■ Task to complete
Write back every line of the listing exactly, excluding images.

■ Source data
%%
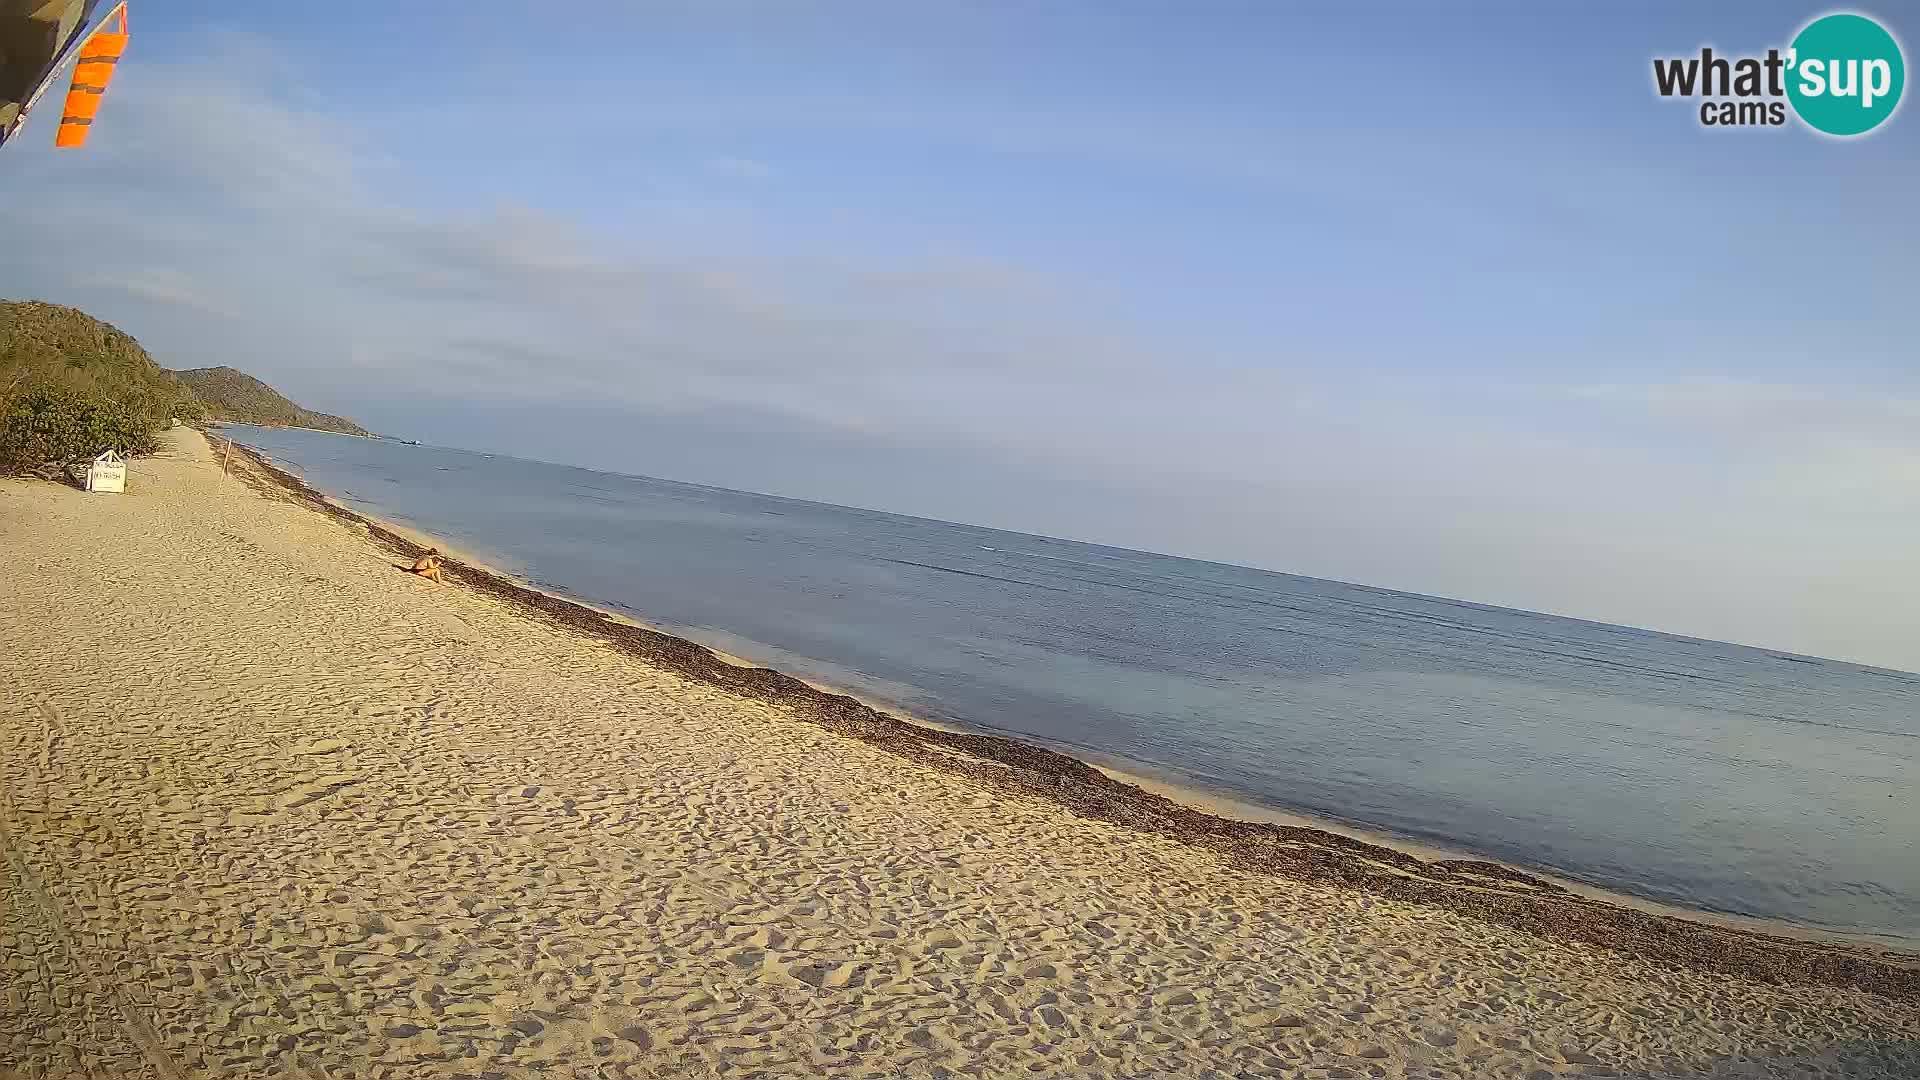 Webcam playa Buen Hombre – Kite School
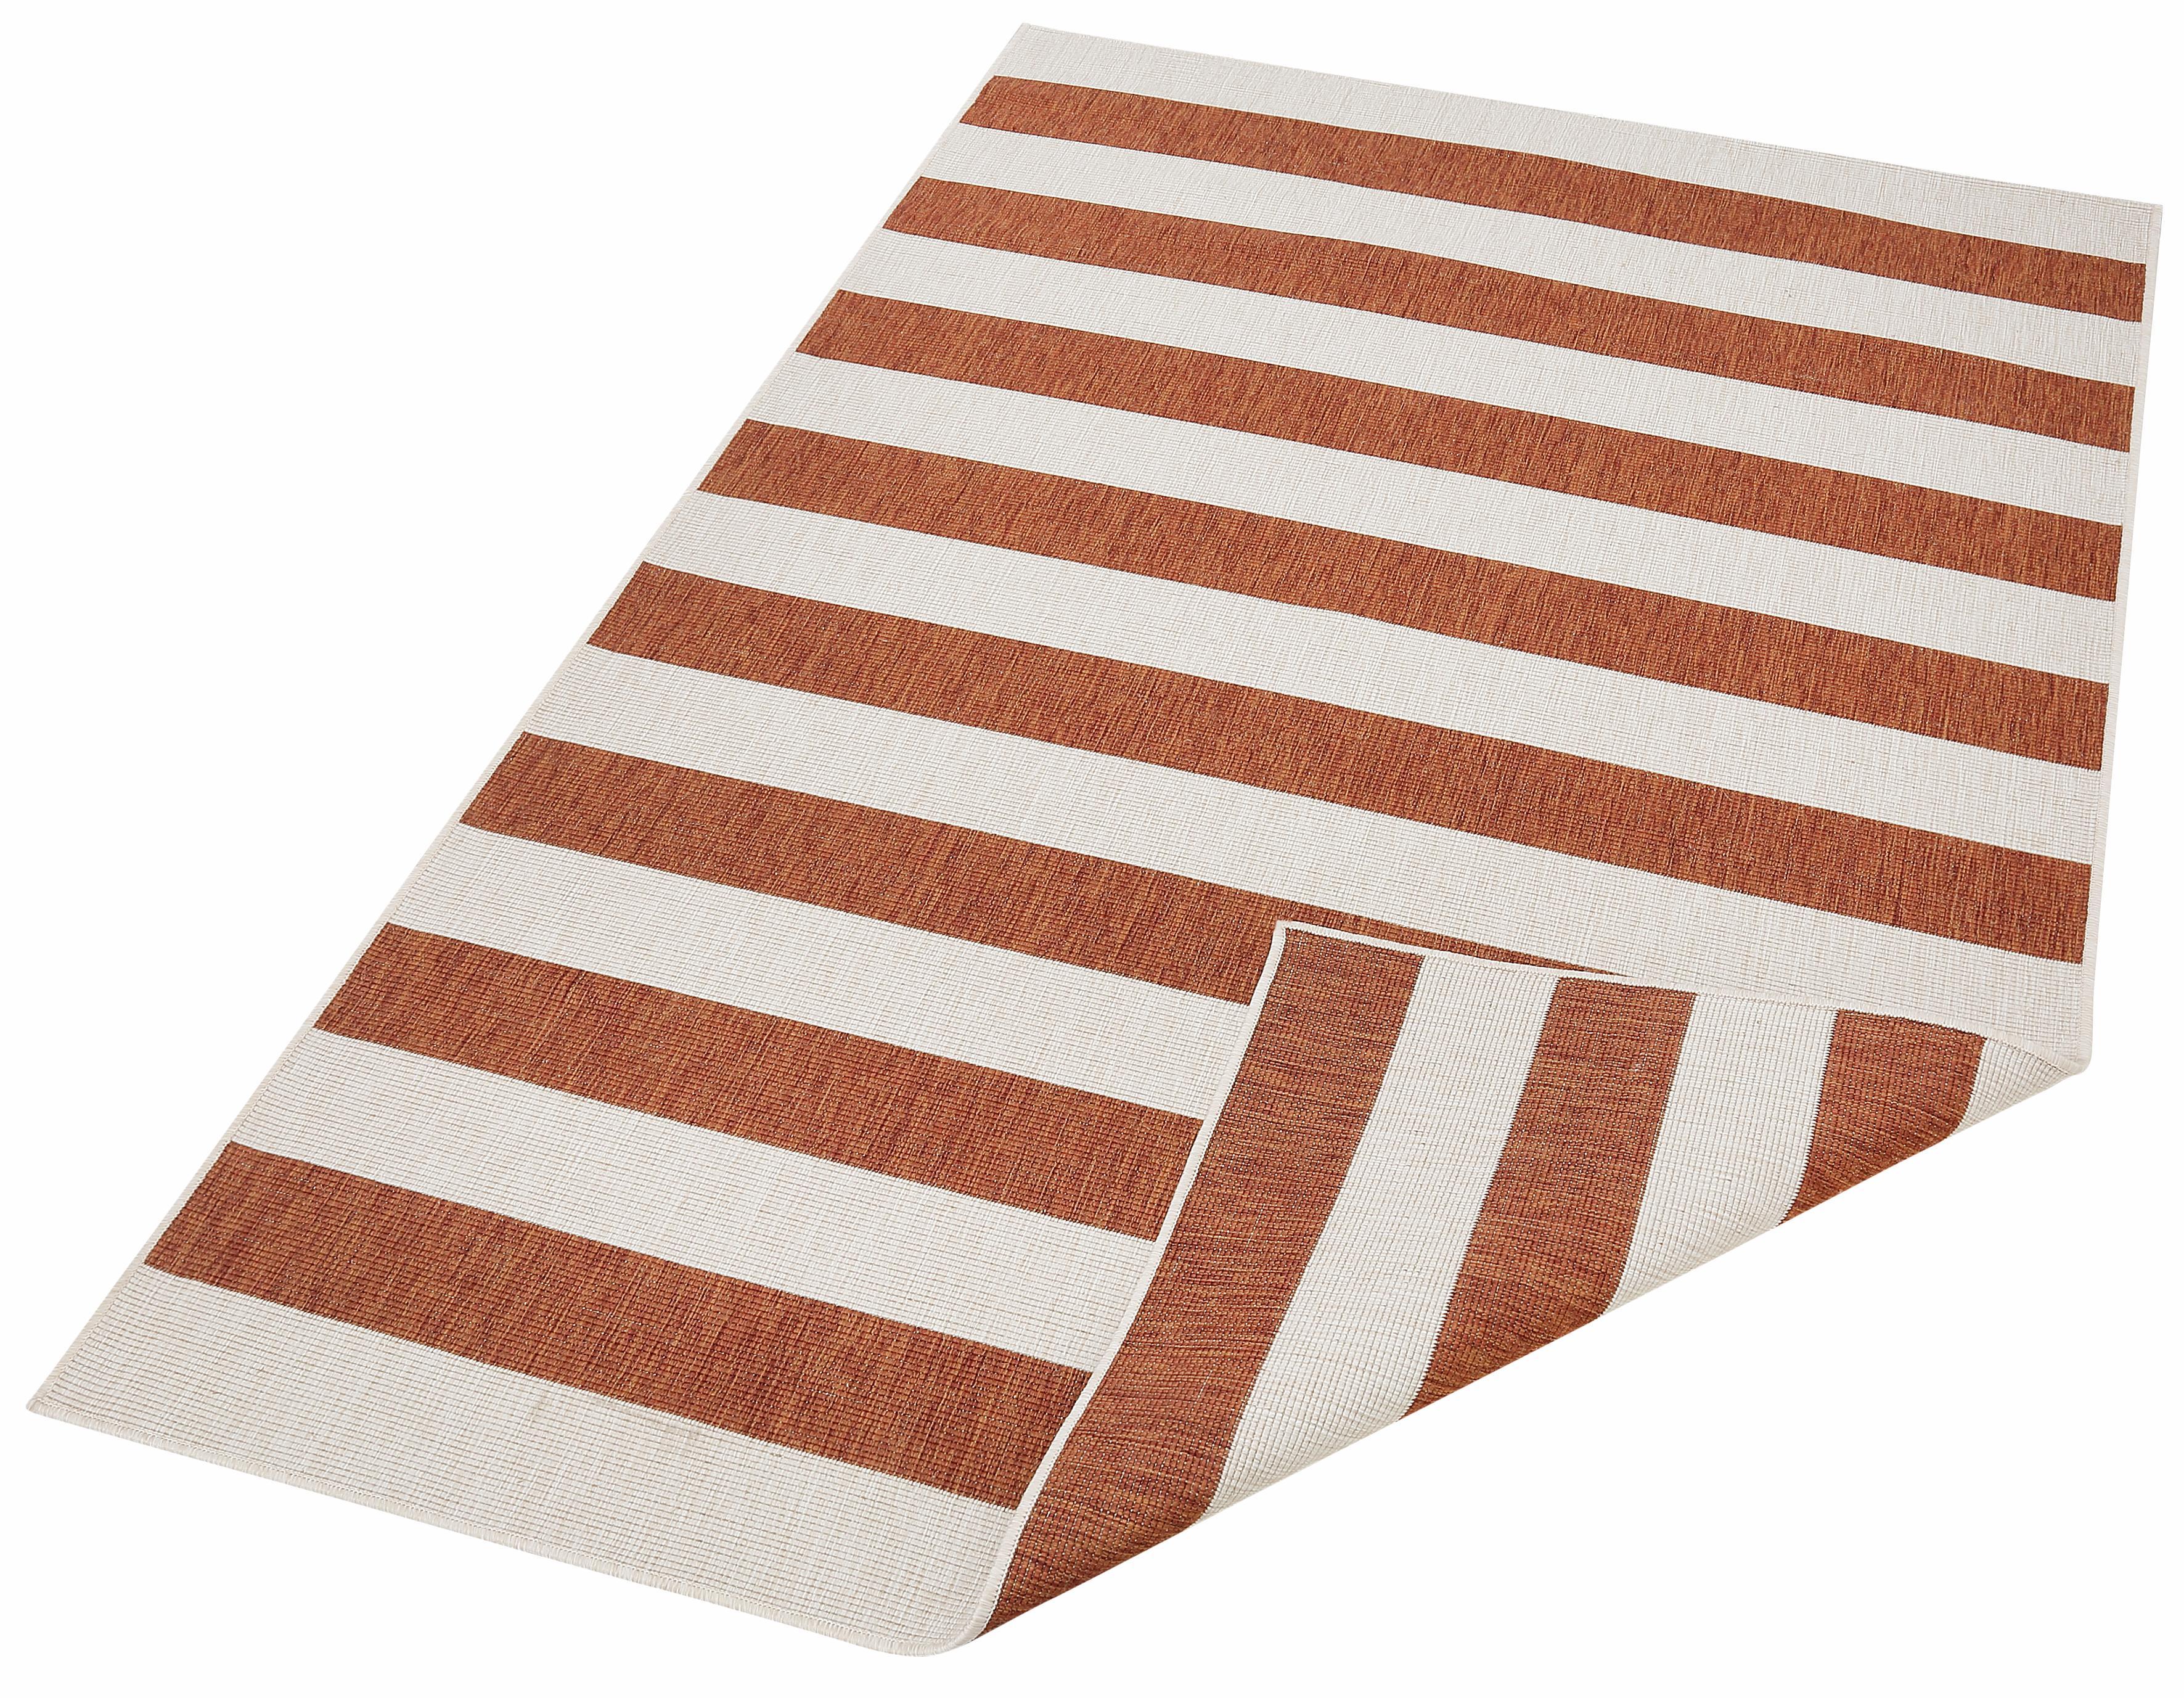 Teppich Alan andas rechteckig Höhe 5 mm maschinell gewebt
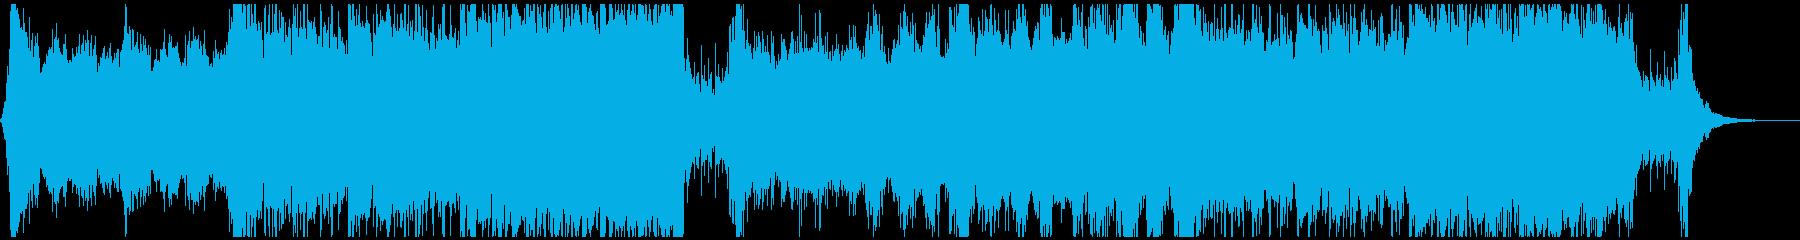 モチベーションを上げるオーケストラの再生済みの波形
%%
■ Exercise solution
 Webcam playa Buen Hombre – Kite School
 Teppich Alan andas rechteckig Höhe 5 mm maschinell gewebt
 モチベーションを上げるオーケストラの再生済みの波形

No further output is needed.